**EXERCISE PROMPT:**
Quote all of the data that follows exactly as written, skipping the images.

*** Opening of DATA SECTION ***

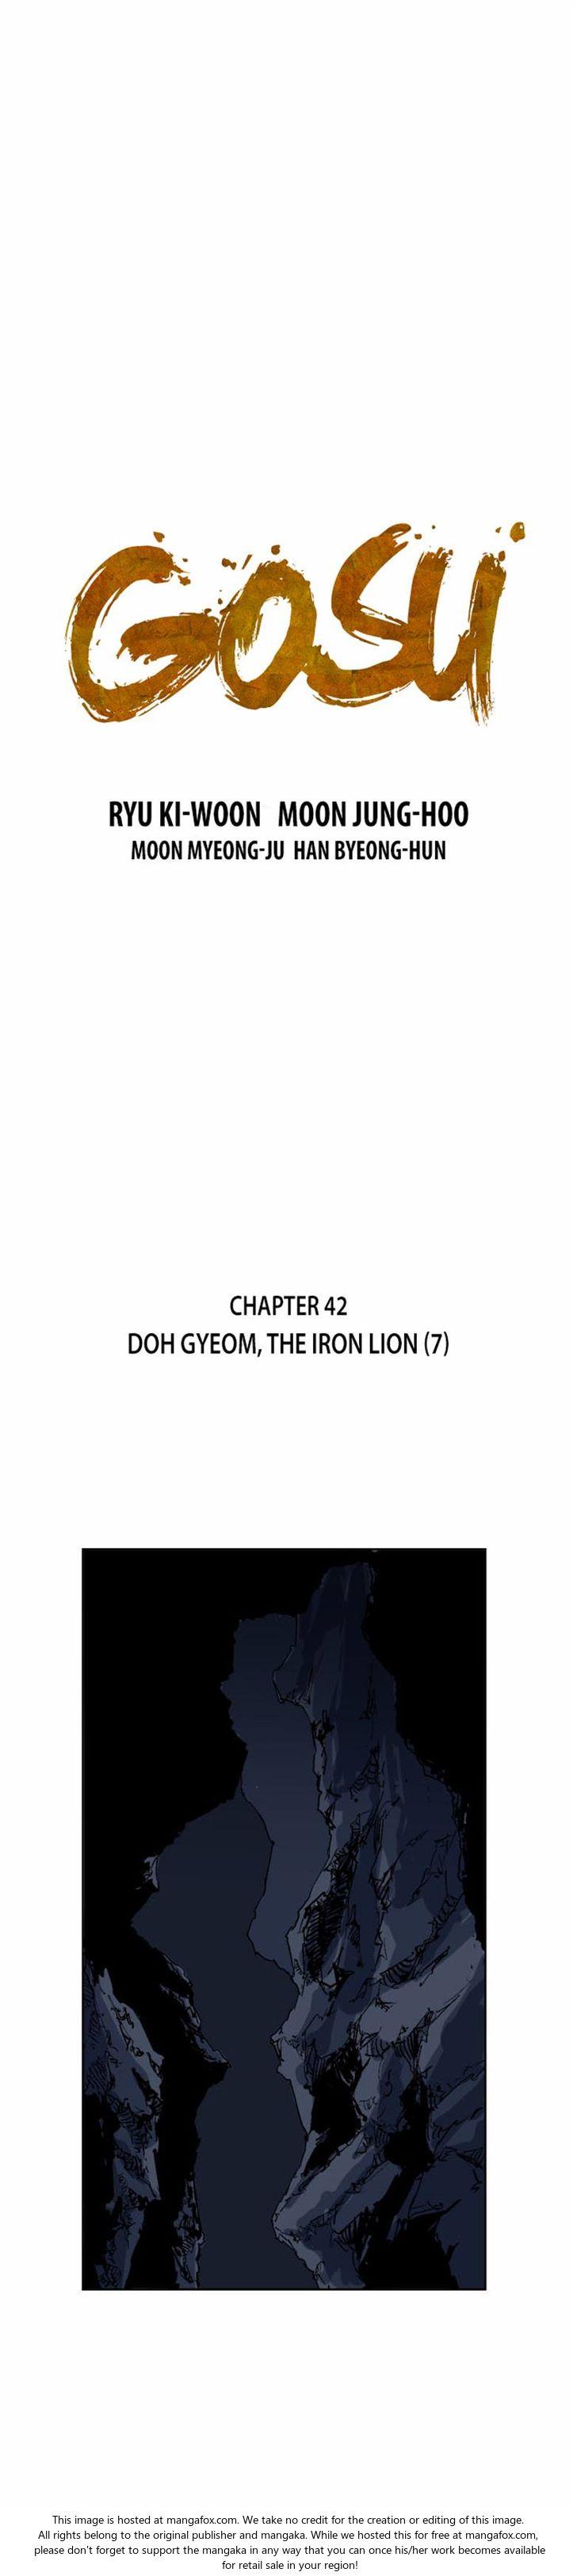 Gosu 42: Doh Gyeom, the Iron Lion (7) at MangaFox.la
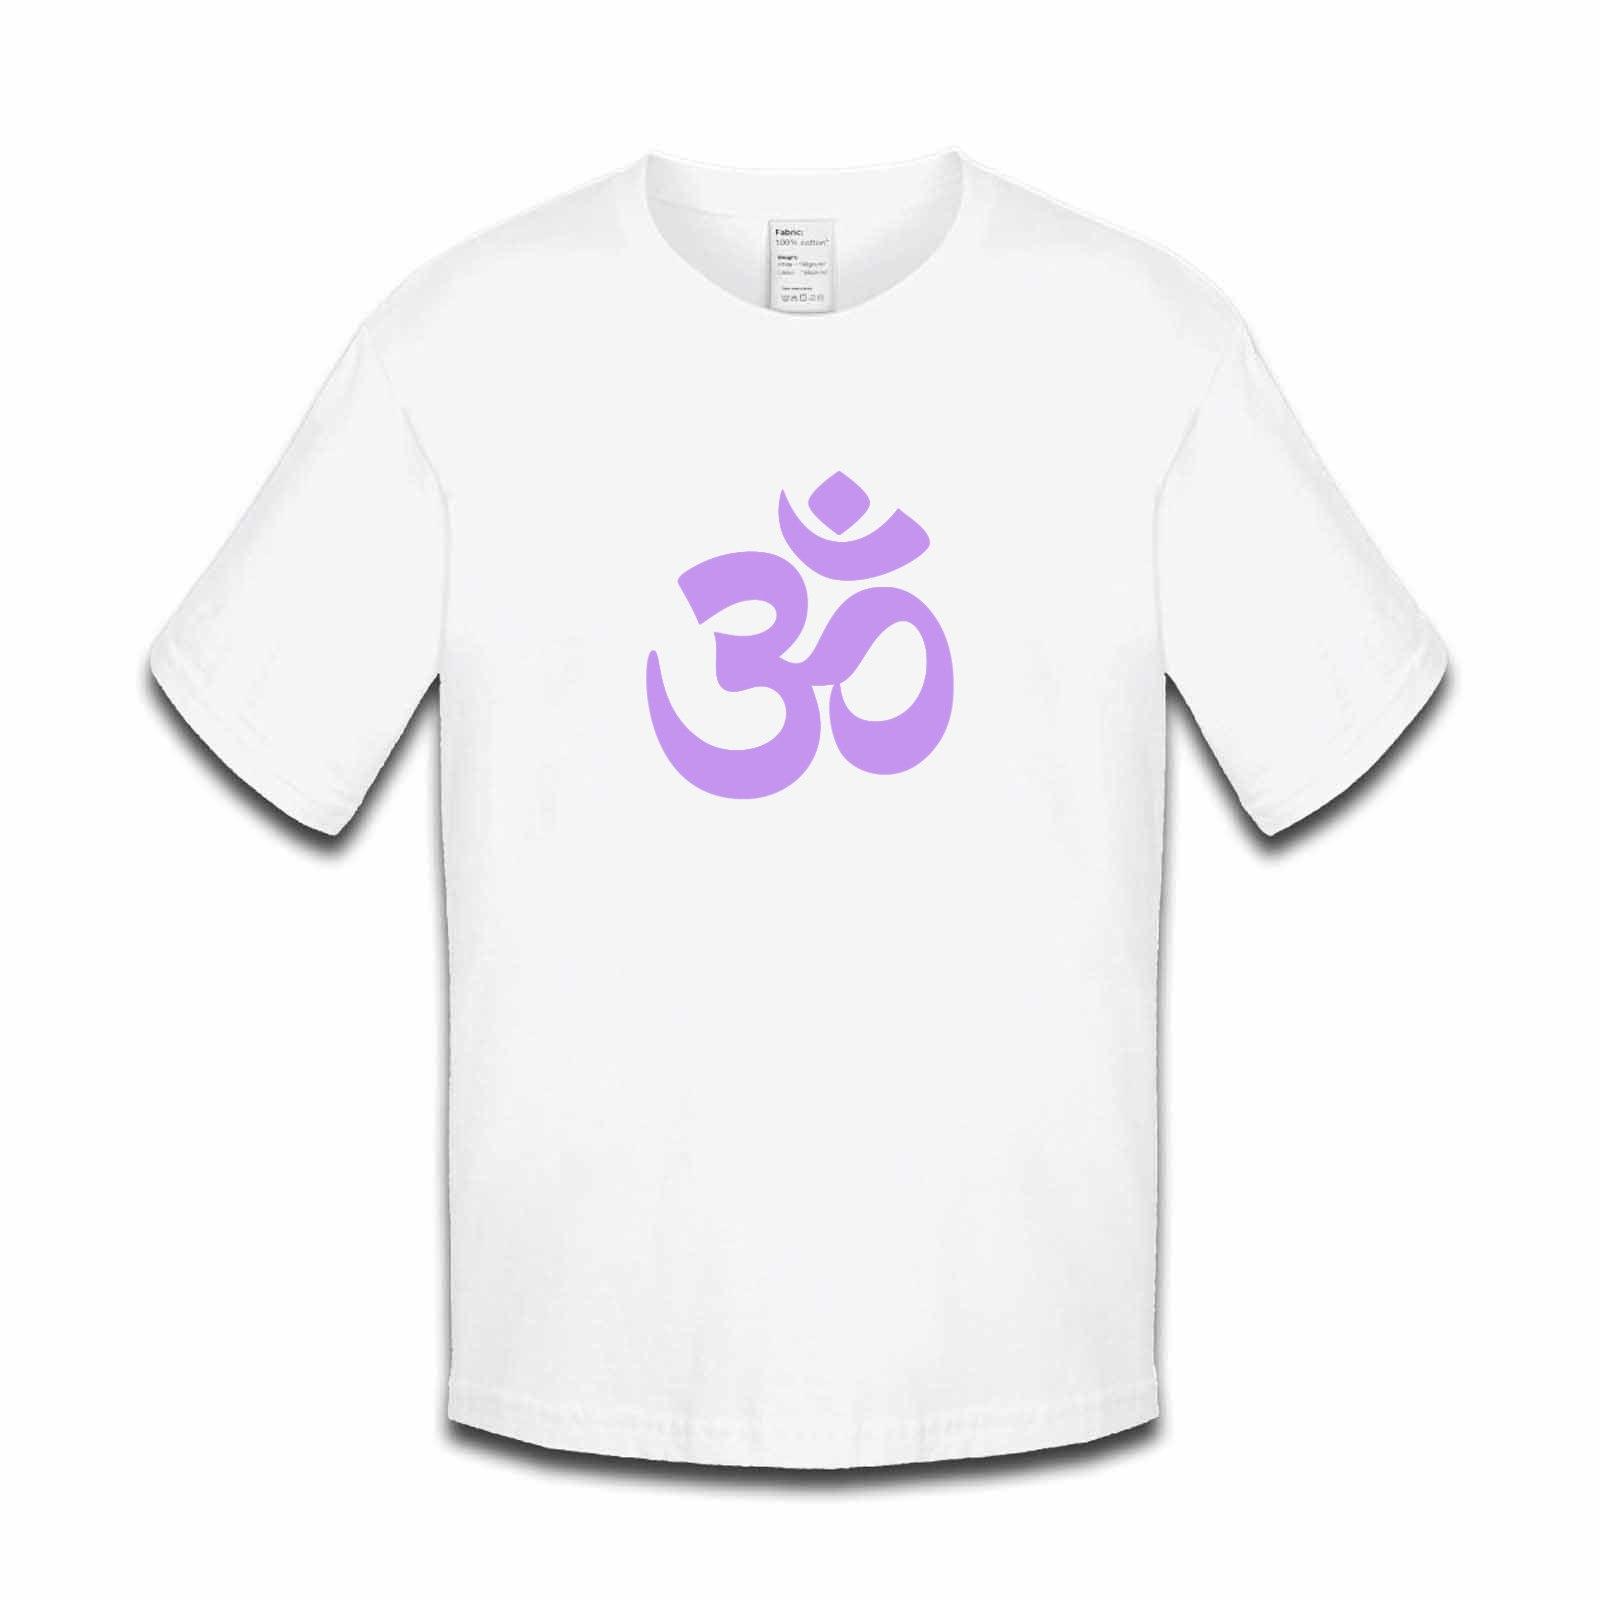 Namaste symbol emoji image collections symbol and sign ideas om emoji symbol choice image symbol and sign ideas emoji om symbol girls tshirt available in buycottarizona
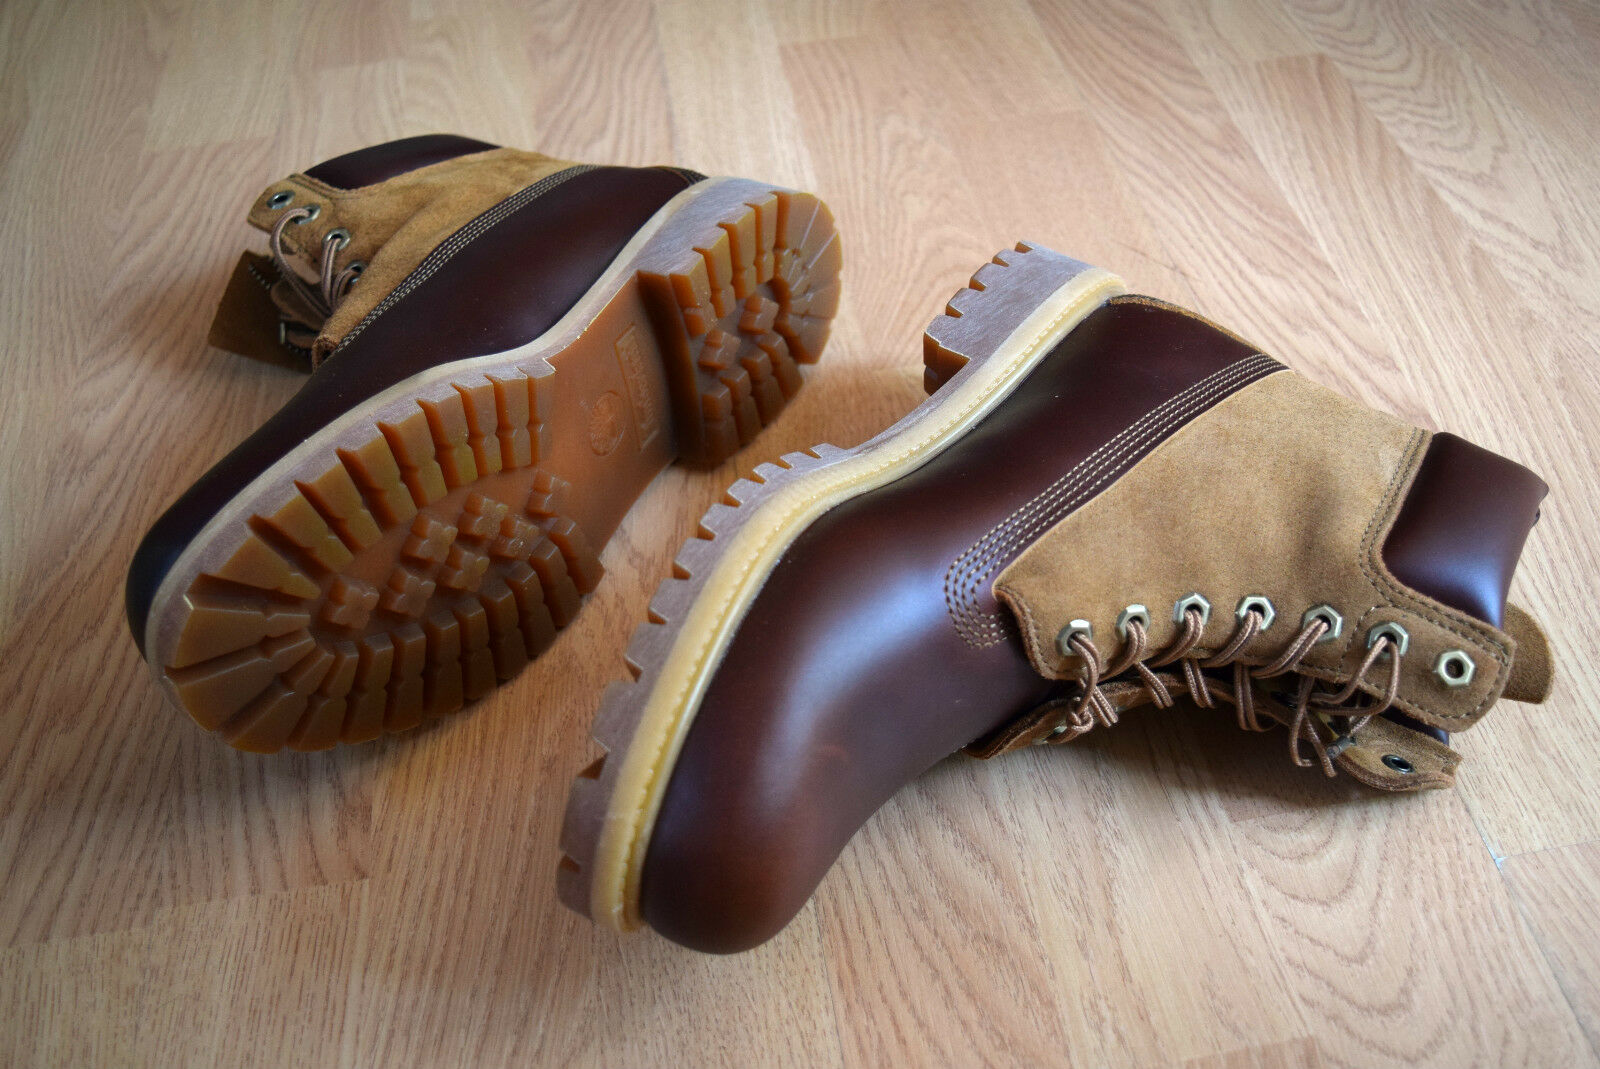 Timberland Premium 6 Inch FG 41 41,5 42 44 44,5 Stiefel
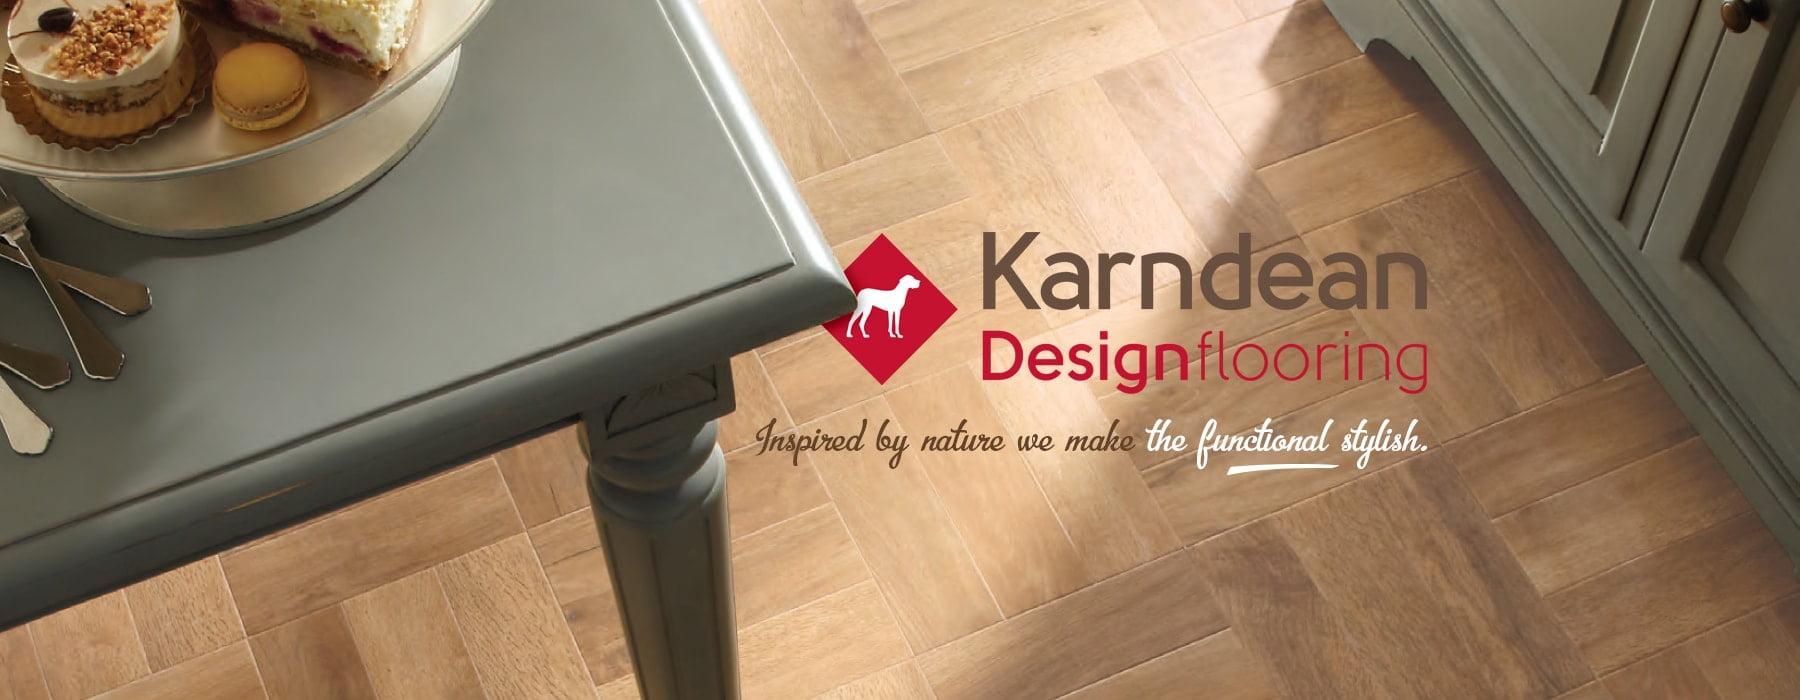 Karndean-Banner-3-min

*** Close of DATA SECTION ***

**EXERCISE SOLUTION:**
 Gosu 42: Doh Gyeom, the Iron Lion (7) at MangaFox.la
 Namaste symbol emoji image collections symbol and sign ideas om emoji symbol choice image symbol and sign ideas emoji om symbol girls tshirt available in buycottarizona
 Timberland Premium 6 Inch FG 41 41,5 42 44 44,5 Stiefel
 Karndean-Banner-3-min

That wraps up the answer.